Recently, I’ve been feeling surprisingly happy. Though, I wasn’t ready to feel like this at this point in life.
I’ve always been one to make every single question that pops into my mind, both to others and to myself. And, in the past, I’ve been found overwhelmed by the endless interrogation process I put myself in.
By trying to compensate for the knowledge I felt missing from my skill repertoire, I submerged myself into several best-sellers from authors I admire. In an attempt at understanding where I wanted to be, I drafted a path to get to success. And, in my pursuit for happiness, I developed a zero-tolerance protocol in order to get closer to the activities and people that make my life better and get away from those that don’t.

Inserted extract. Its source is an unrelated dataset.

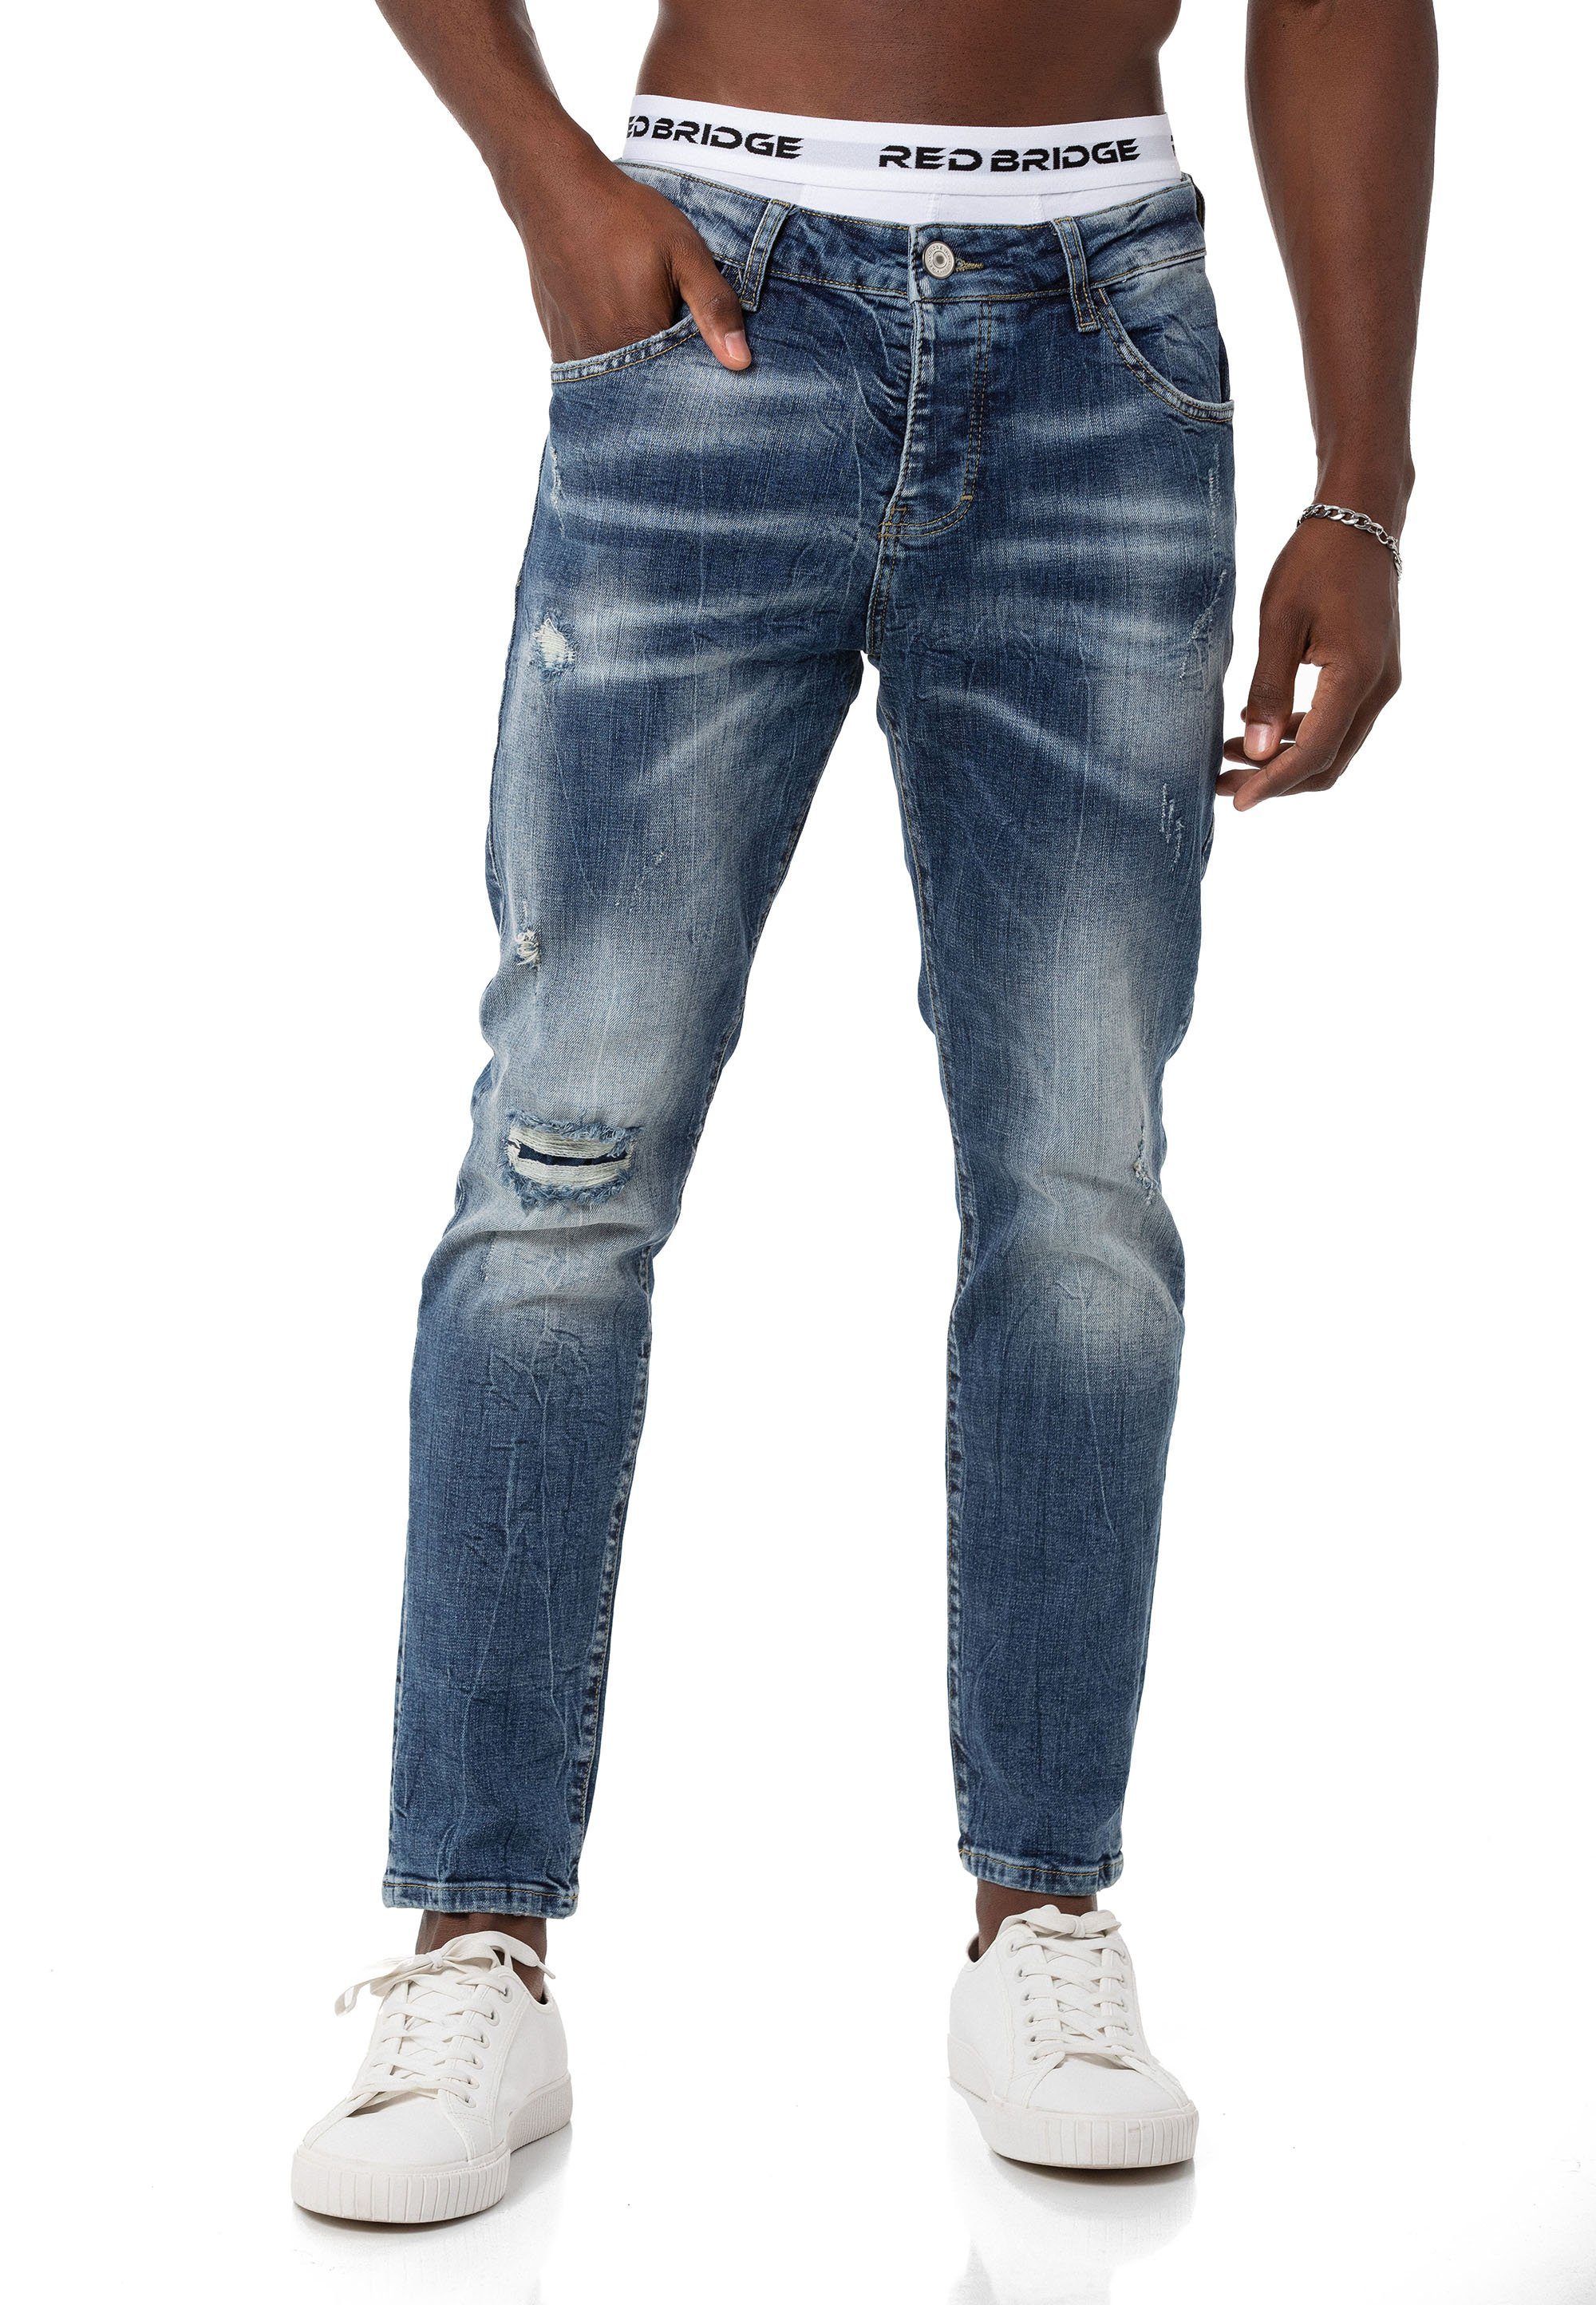 RedBridge Slim-fit-Jeans Hose Straight Leg Denim Pants Distressed-Look Blau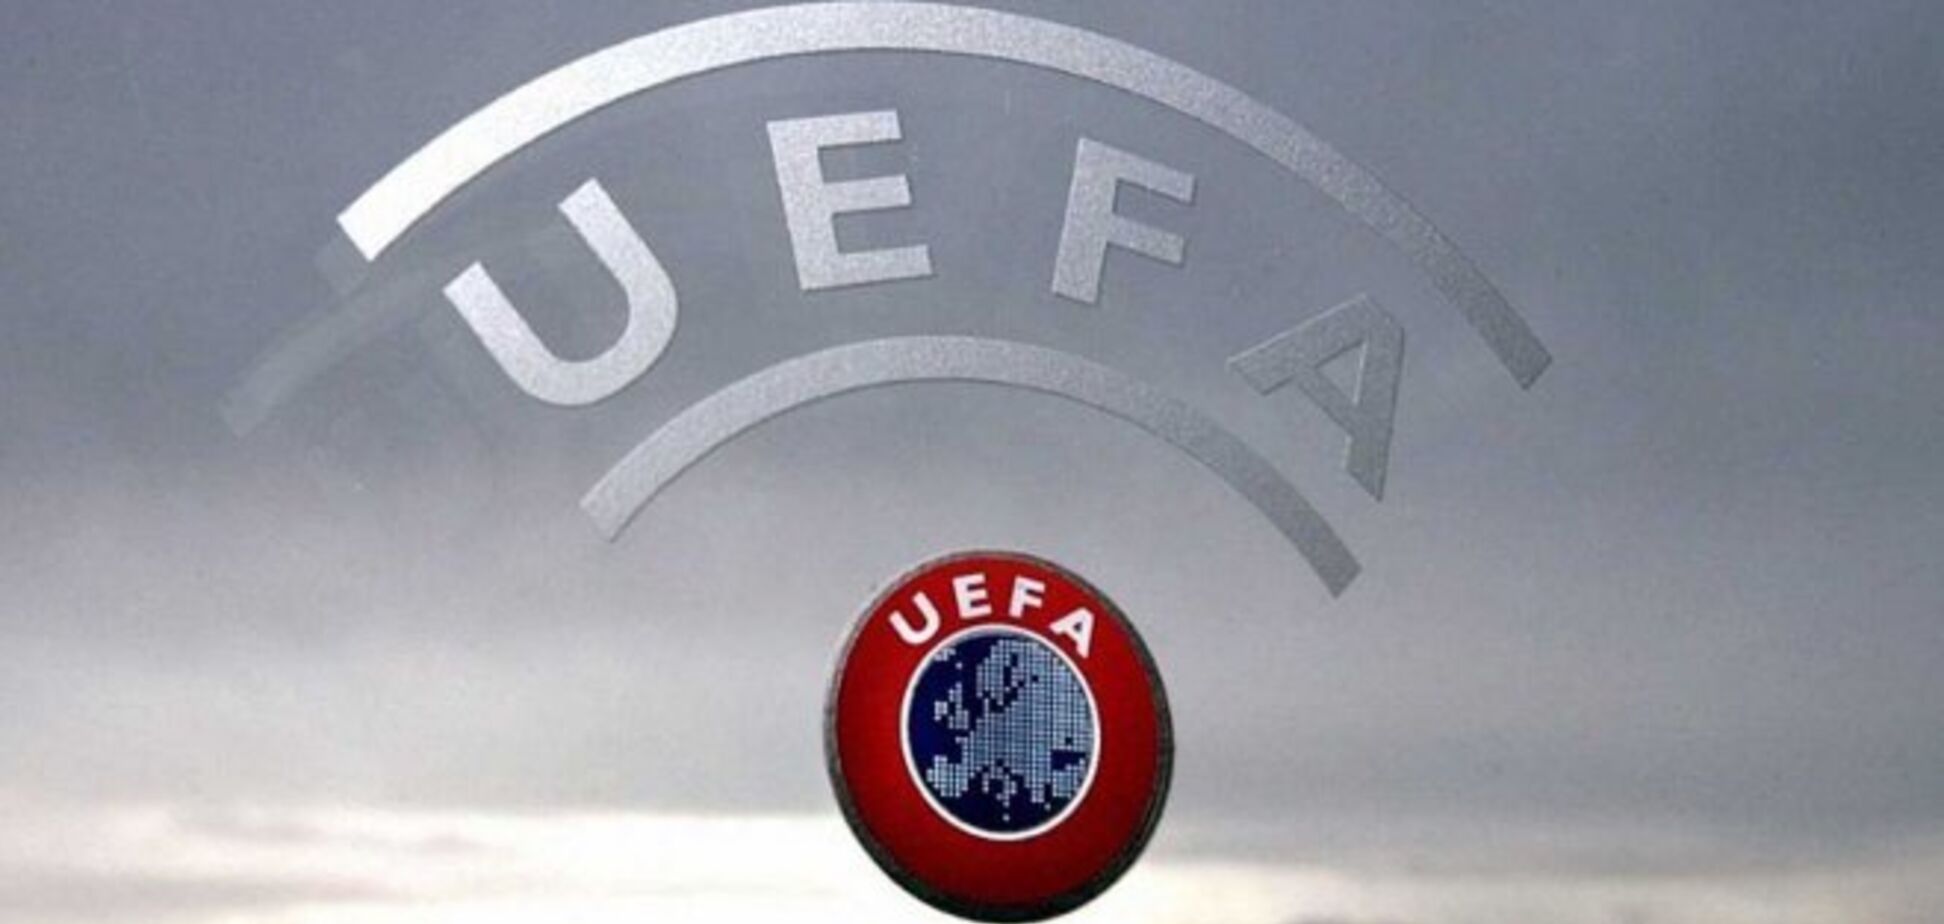 УЕФА обновил таблицу коэффициентов

It all sounds great, on paper. And, in a way, it has been. I’ve learned a lot about myself as a human, as a professional, and as a friend.
Though, this pragmatic approach to happiness eventually started manifesting its limitations. Every time I found a great source of knowledge, I felt both enlightened by everything I learned by consuming the content and overwhelmed by my ignorance on the topics the author has indisputably mastered. My notes on the life choices I needed to make to get where I wanted to be consist of a never-ending Notion list of things I have not yet accomplished. And, pushing everything I didn’t want away from my life felt more like avoiding commitment than overcoming what held me back.
In hindsight, I can see where I was going… but I wasn’t anticipating to get there this soon.
I still don’t know everything there is to know about Design, Marketing or Business. I still don’t manage my time as efficiently as I’d like to. And I still sometimes cringe a little when looking at myself in the mirror.
Yet, I’ve been feeling surprisingly happy.
I’ve noticed I’m no longer focusing on what I don’t have, but on what I already do. I’ve accepted my flaws and current circumstances as a part of my never-ending journey. I’ve embraced gratitude for everything I’ve accomplished.
I’ve finally allowed happiness into my life.
These past months have made for a great sandbox for introspection. But more importantly, I’m now aware my journey is about me as much as it is about those around. “Happiness is only real when shared,” some say.
I know new challenges will keep on getting in the way. I know there are situations yet to be solved, both in my head and in the world. I know this is just what happiness looks like for me as of August 2019.
But now I’m just excited about everything that’s yet to come. I somehow embraced my way into success. And that’s all I could ever ask for.